Time is like... gone. I should have known this might happen. Somehow it's now a month since I last blogged, and that last was barely much at all. Like, what the heck? So to recap the amazing month I had might be difficult, but here goes.

I got sick.

Yeah, amazing story right? It pretty much killed the creative part of my brain for that whole period of ohgodkillmenow, where I successively had a blocked nose, bleeding nose, runny nose, blocked ear, runny... ear??, dry cough, wet cough, internal-bruising cough, smokers cough (and I don't smoke), headaches, chest pains, arm pain, sore throat, dehydration, itches, scratches, boredom, and pity. In hindsight, I should've seen a doctor.

Well, it's not the extent of EVERYTHING but a huge piece of it. I actually went a week without using my lappy. I also gave up coffee at around the same time, so it's plausible my body said "You can't do this to me-RAWR I MAEK U SICK!!" I think it's forgiven me now.

It went on way longer than it should've, and it's only this week that i've really gotten past it.

I've still been living life- you know, going to work, paying bills, sleeping.
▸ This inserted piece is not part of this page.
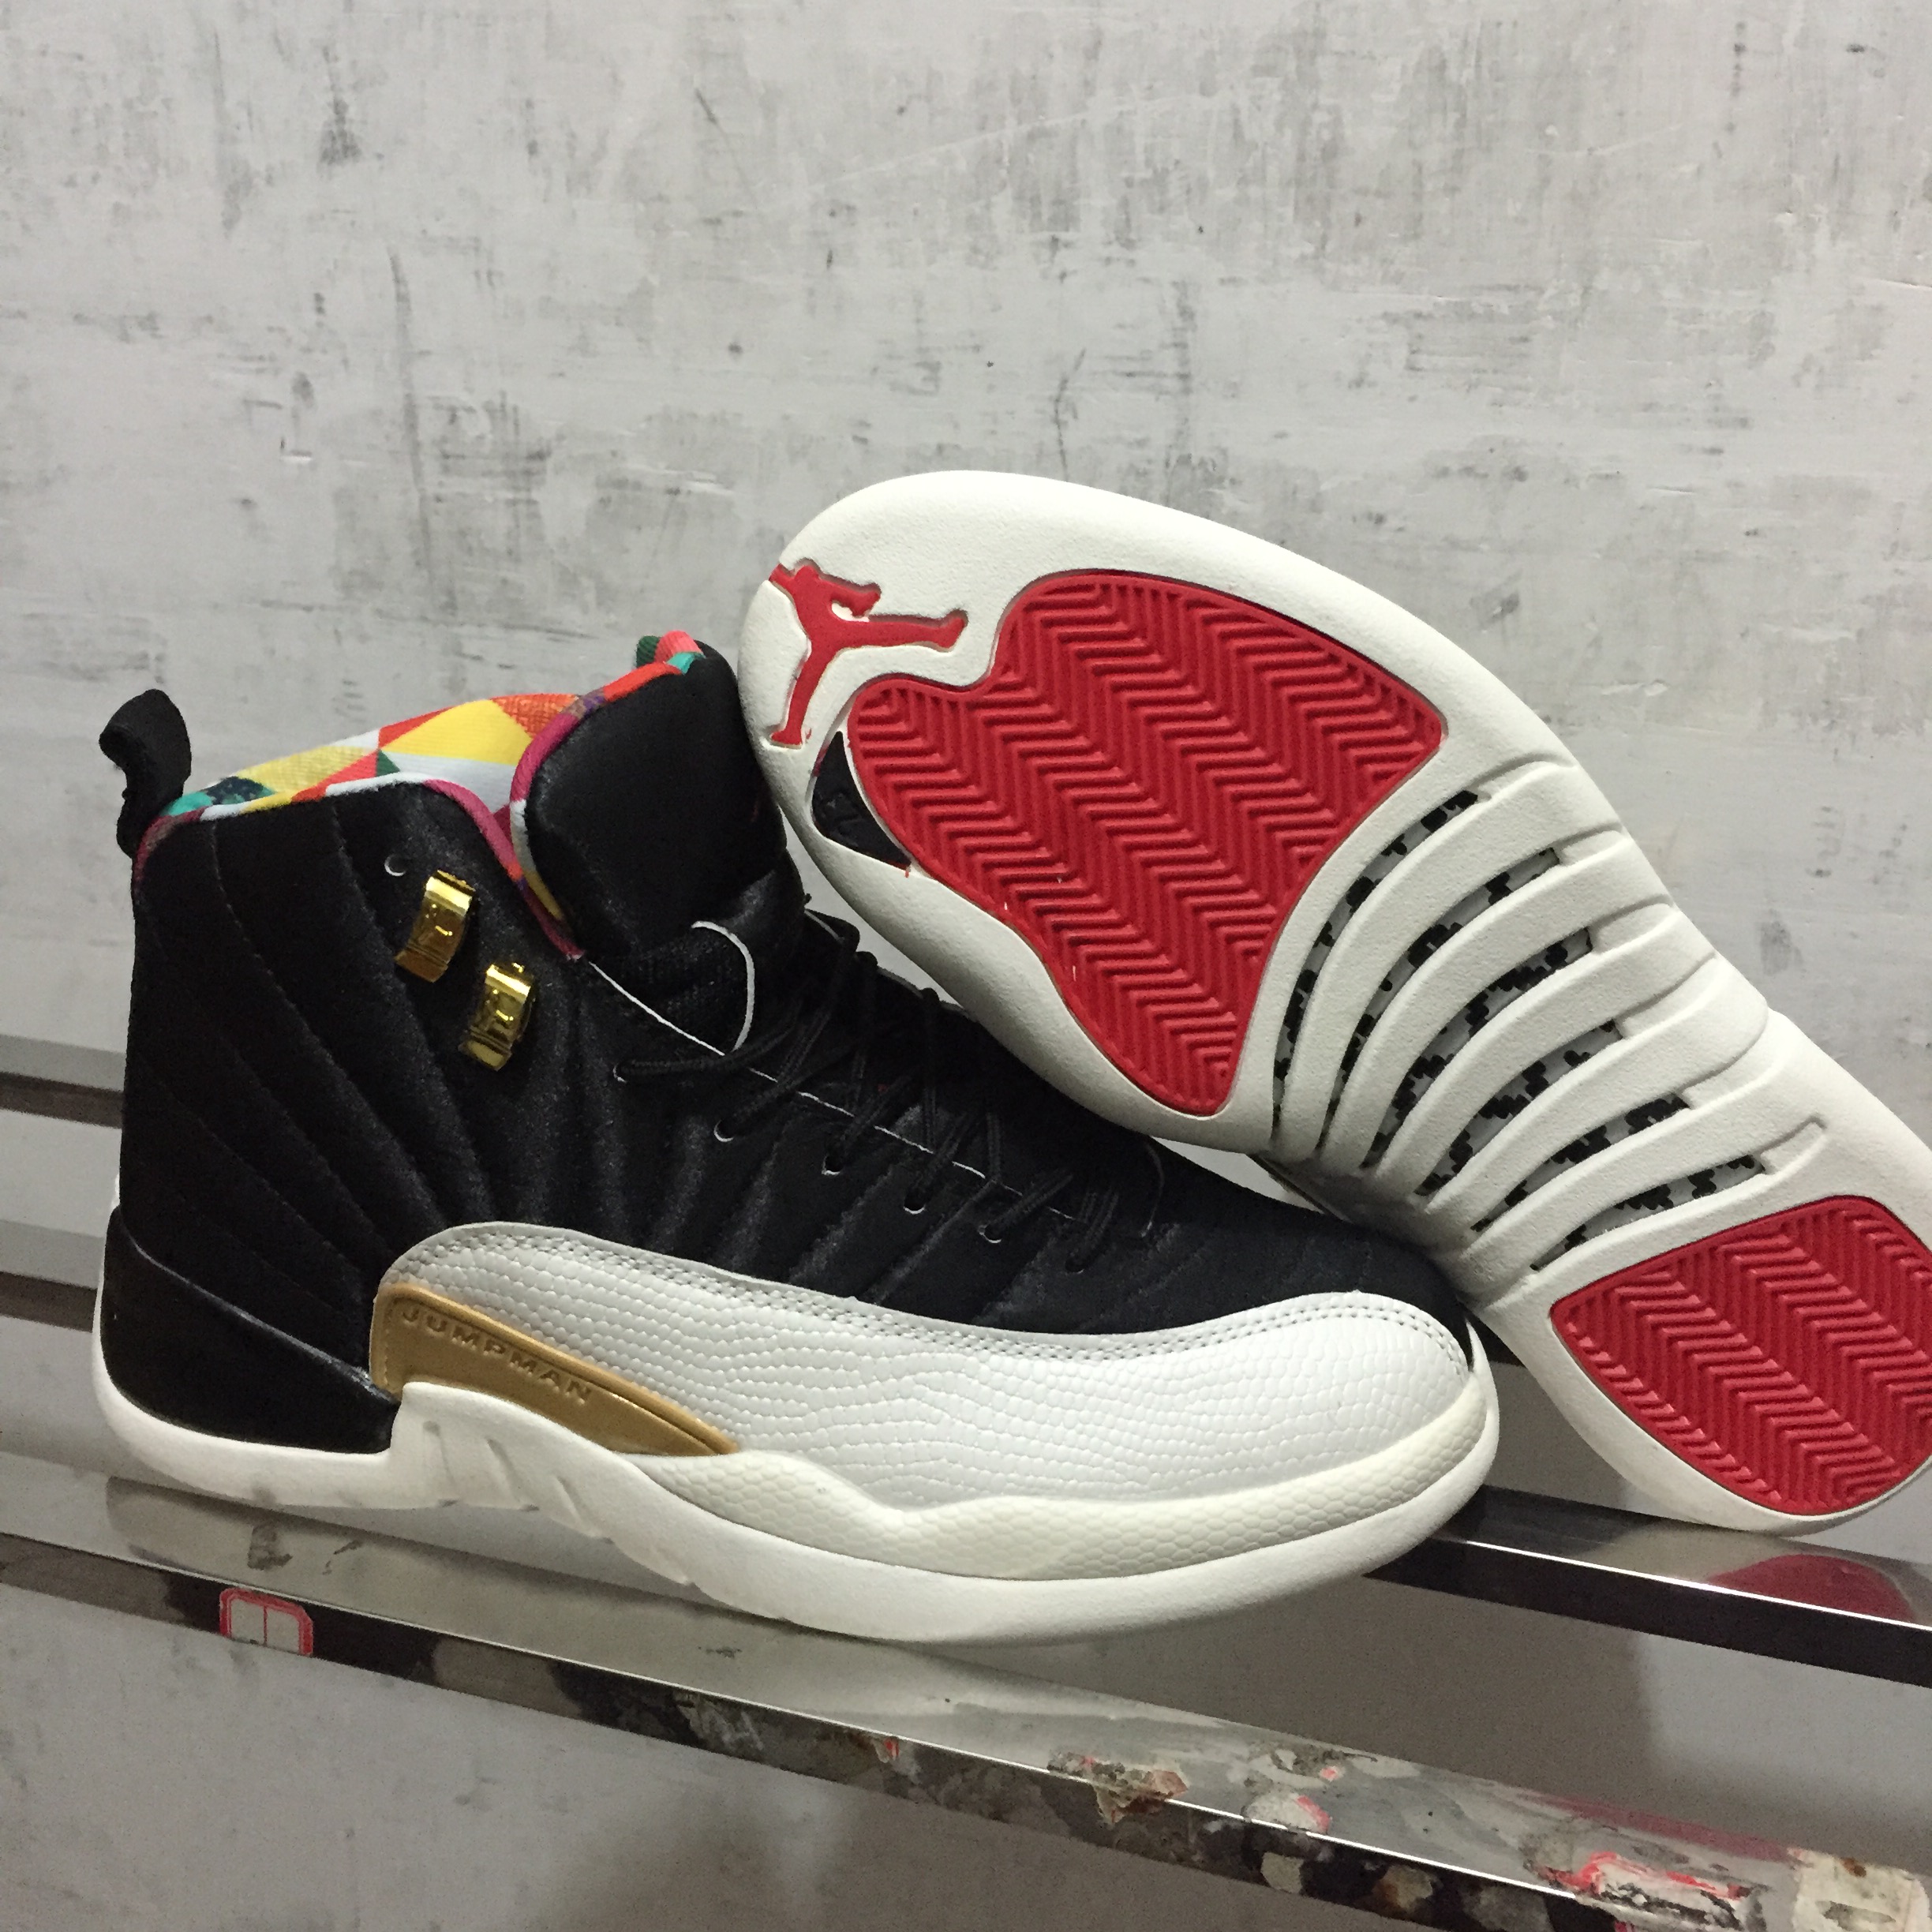 jordan 12 red and white gold

Cause I'm a good boy.

^_^

So Friday night I got totally drunk and had an awesome night, unexpectedly. When I finally returned to sober, inhibited thought, I found that I had brought back a little of dream-me/drunk-me. Earlier this week I'd started writing again, something new. I said that just having all the pieces and knowing what the end result should be isn't enough to make the puzzle for you- and it was about how deep down I'm pretty shy, but deeper down I'm not. Deeper again I'm a time-travelling dinosaur named Freckles, but that's another story.

So through getting that drunk, I learned some things about myself. I can be cocky/forward. I still won't succumb to peer pressure on something like smoking. If I'm going all out here, I'd even say while I'm happy with who I am, and I feel like I don't need to be in a relationship to be happy, I'd still like it to happen. If that means I have to keep having my own 'Pineapple Incident' time and again until I can be all the me I'm meant to, where I say stupid things to girls, then so be it. I mean, I'm saying stupid things to everybody else, may as well be consistent.